As one X user wryly observed, “if untrustworthyness had mass, putting Musk and Altman too close to one another would collapse the courtroom and all of earth into a black hole.”
OpenAI did not immediately respond to a request for comment. On X, Musk posted a statement saying he planned to appeal.
The problem extends beyond Musk and Altman. Trial evidence showed Murati helped orchestrate Altman’s removal, then switched sides to support his reinstatement while appearing “totally uninterested” in disclosing her role. Shivon Zilis, a close Musk associate who served on OpenAI’s board, asked Musk if he’d “prefer I stay close and friendly to OpenAI to keep info flowing” during his departure , without revealing that she and Musk had two children together. Brockman’s diary entries were central to Musk’s case; at one point, he admitted Musk could “correctly” claim “we weren’t honest with him” if OpenAI made a for-profit shift without his involvement.
Musk v. Altman gave each man a platform to attack the other and, in theory, position himself as the more responsible steward of AI. But the clearer lesson is that several of the industry’s most recognizable names are, at best, naive , and, at worst, hypocrites with little concern for the consequences of their actions.
Public sentiment toward AI has never been lower. A Pew Research survey from last summer found that half of US adults say the “increased use of AI in daily life makes them feel more concerned than excited” , with only 10 percent feeling more excited than concerned. Many worries center on job loss, but protests against massive data center construction are also growing across the country. Some resistance has turned potentially violent, with individuals allegedly trying to attack Altman’s home on two separate occasions. And numerous tech CEOs themselves admit to having bunkers or other doomsday preparations in case things go badly.

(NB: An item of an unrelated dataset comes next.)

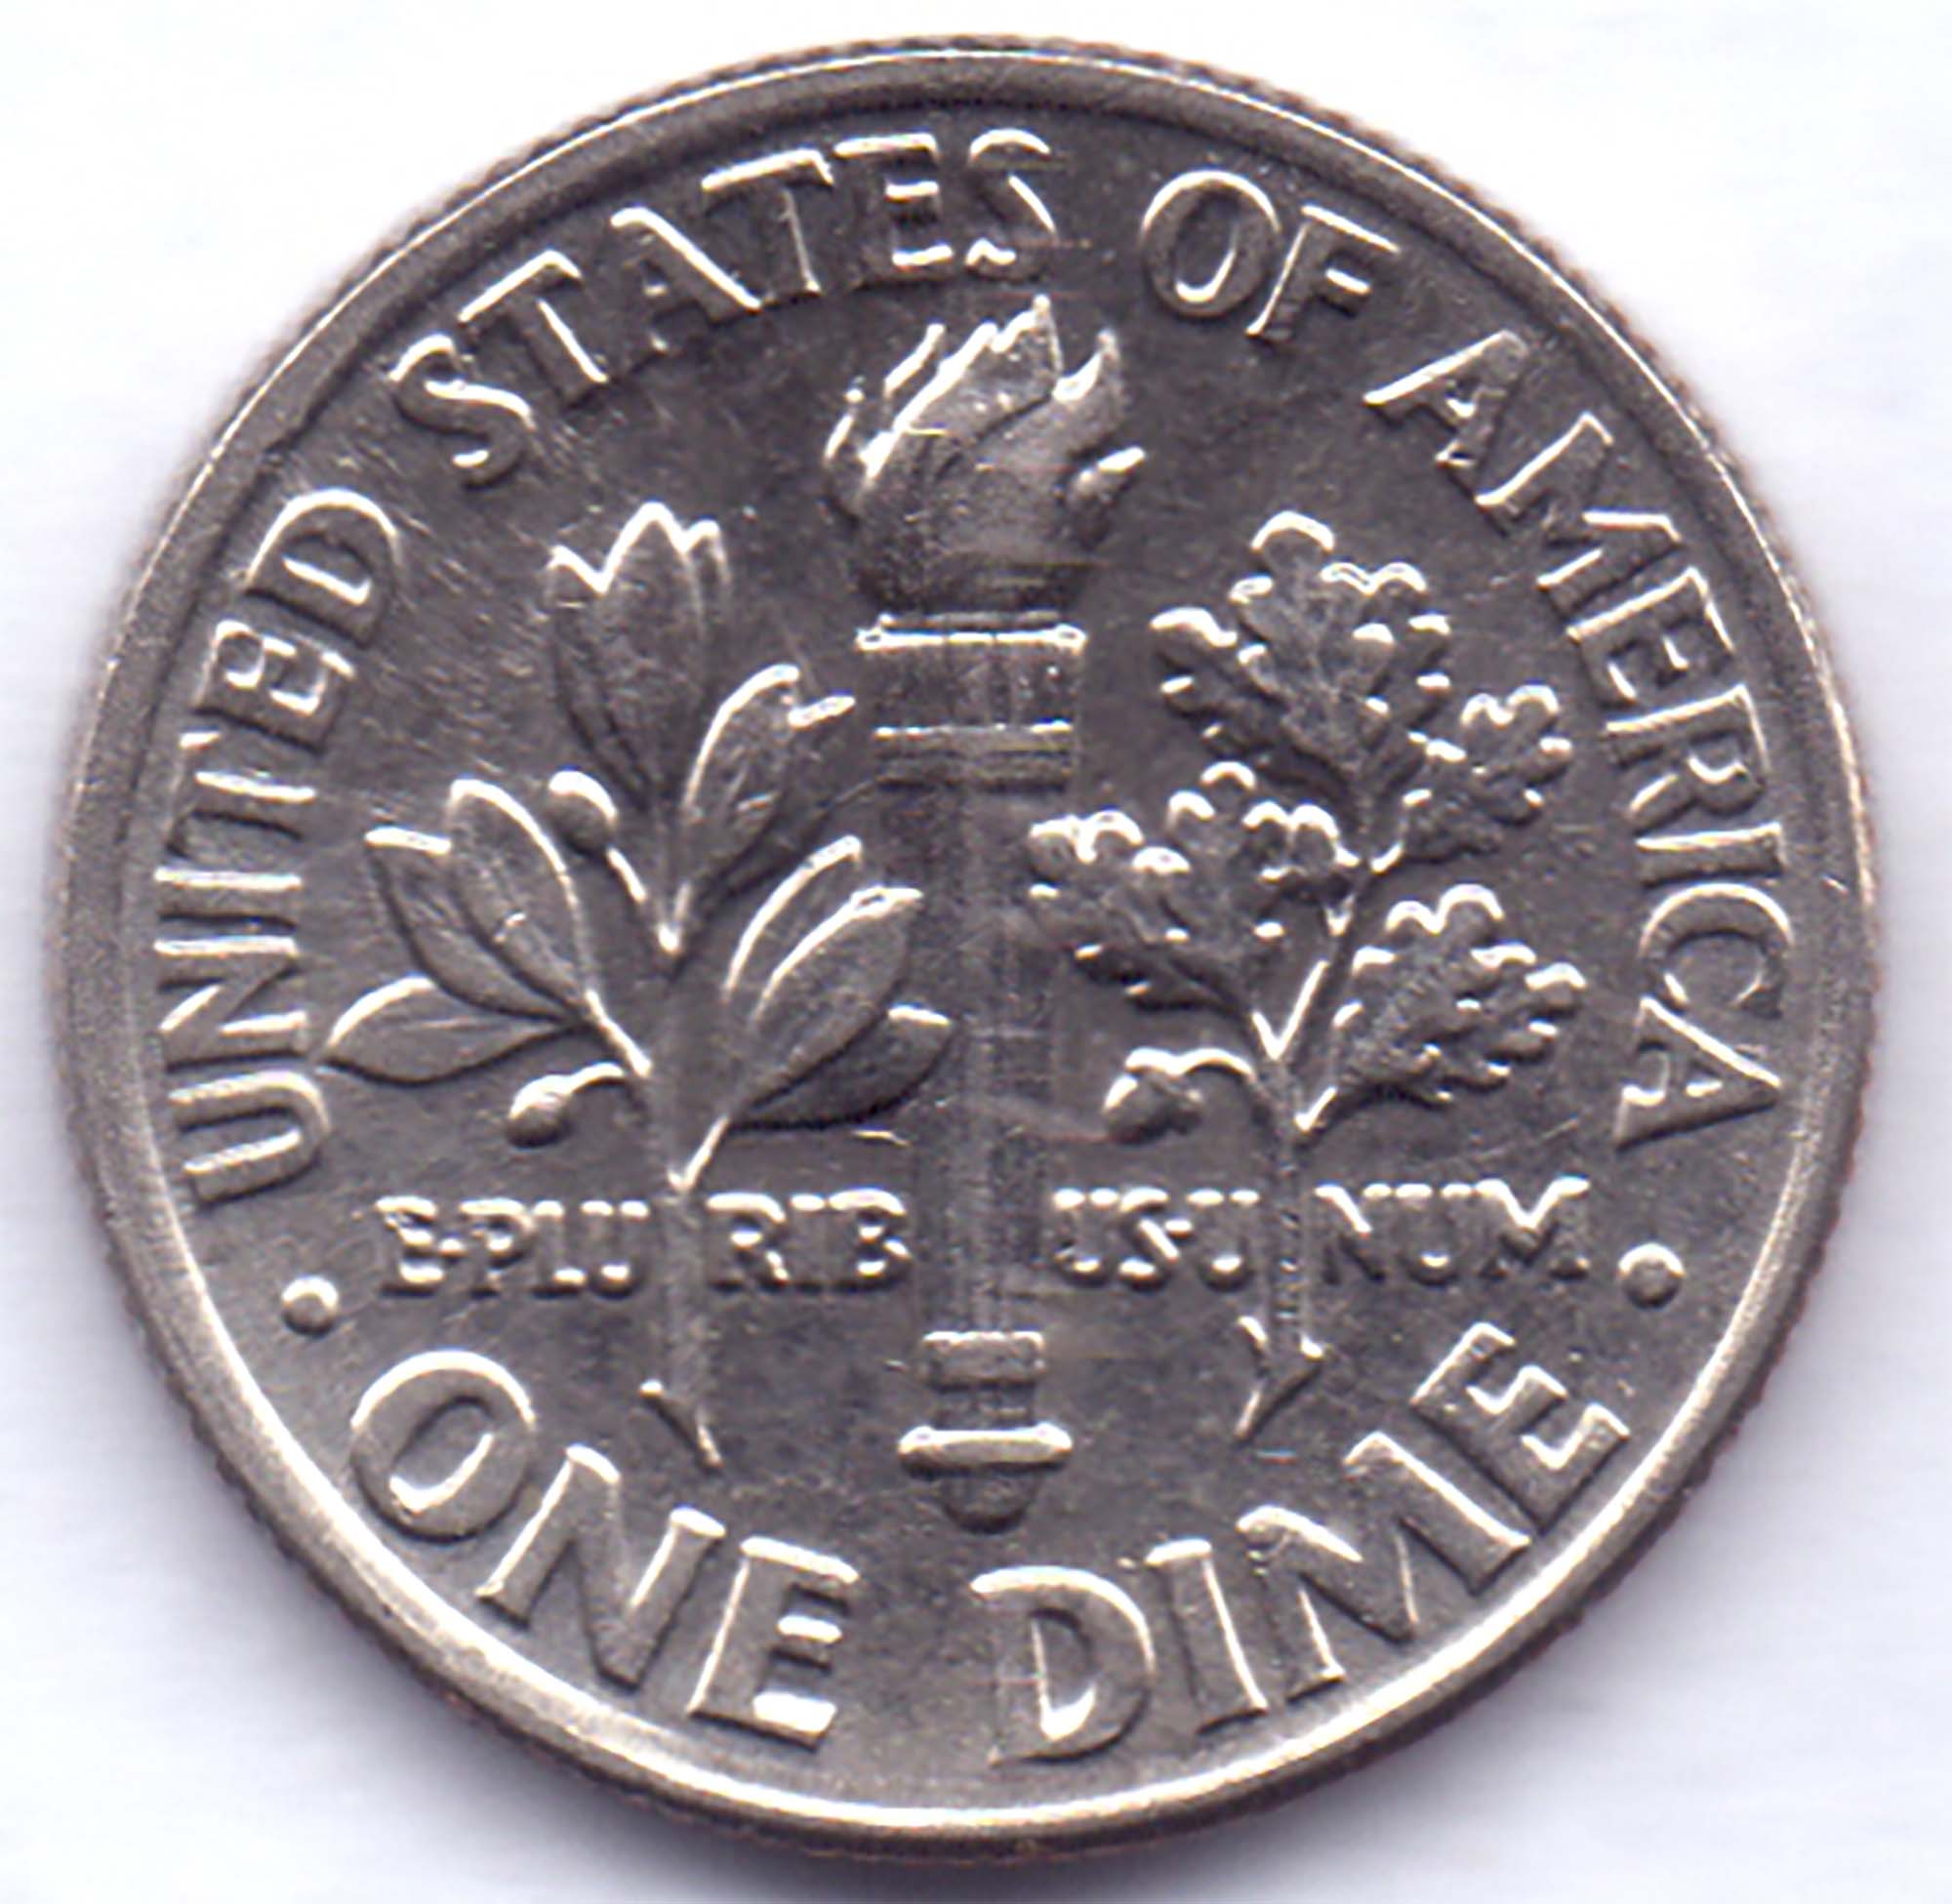 First coins. Монета one Dime Liberty 1996. One Dime монета 1996. Монета one Dime Liberty. 1 Дайм США 1994.

These companies publicly promote AI as a tool that empowers users. Yet a 2025 Pew Research study found that nearly 60 percent of US adults feel they have little to no control over how AI is used in their lives. In the United States, meaningful government regulation , which could at least provide some external oversight , remains uncertain. And now, it is clearer than ever how far the AI industry’s biggest players will go to maintain their grip on power.
Amid the trial’s mountain of evidence, one document stands out as a rare moment when Altman and Musk offered to give up some authority. In March 2015, Altman emailed Microsoft CEO Satya Nadella with a simple request: Sign a letter he and Musk were drafting, calling on the US government to create “a new regulatory agency for AI safety” and address “the biggest risk to the continued existence of humanity that most people are ignoring.” Weeks later, Nadella responded to shut down the idea. The “issue of human safety and the control problem will become real issues,” he acknowledged. But executives, he insisted, should be pushing for “federal funding and encouragement of research,” not oversight. Altman quickly agreed. The letter, he promised, would be revised , leaving the possibility of regulating the AI industry “if and when.”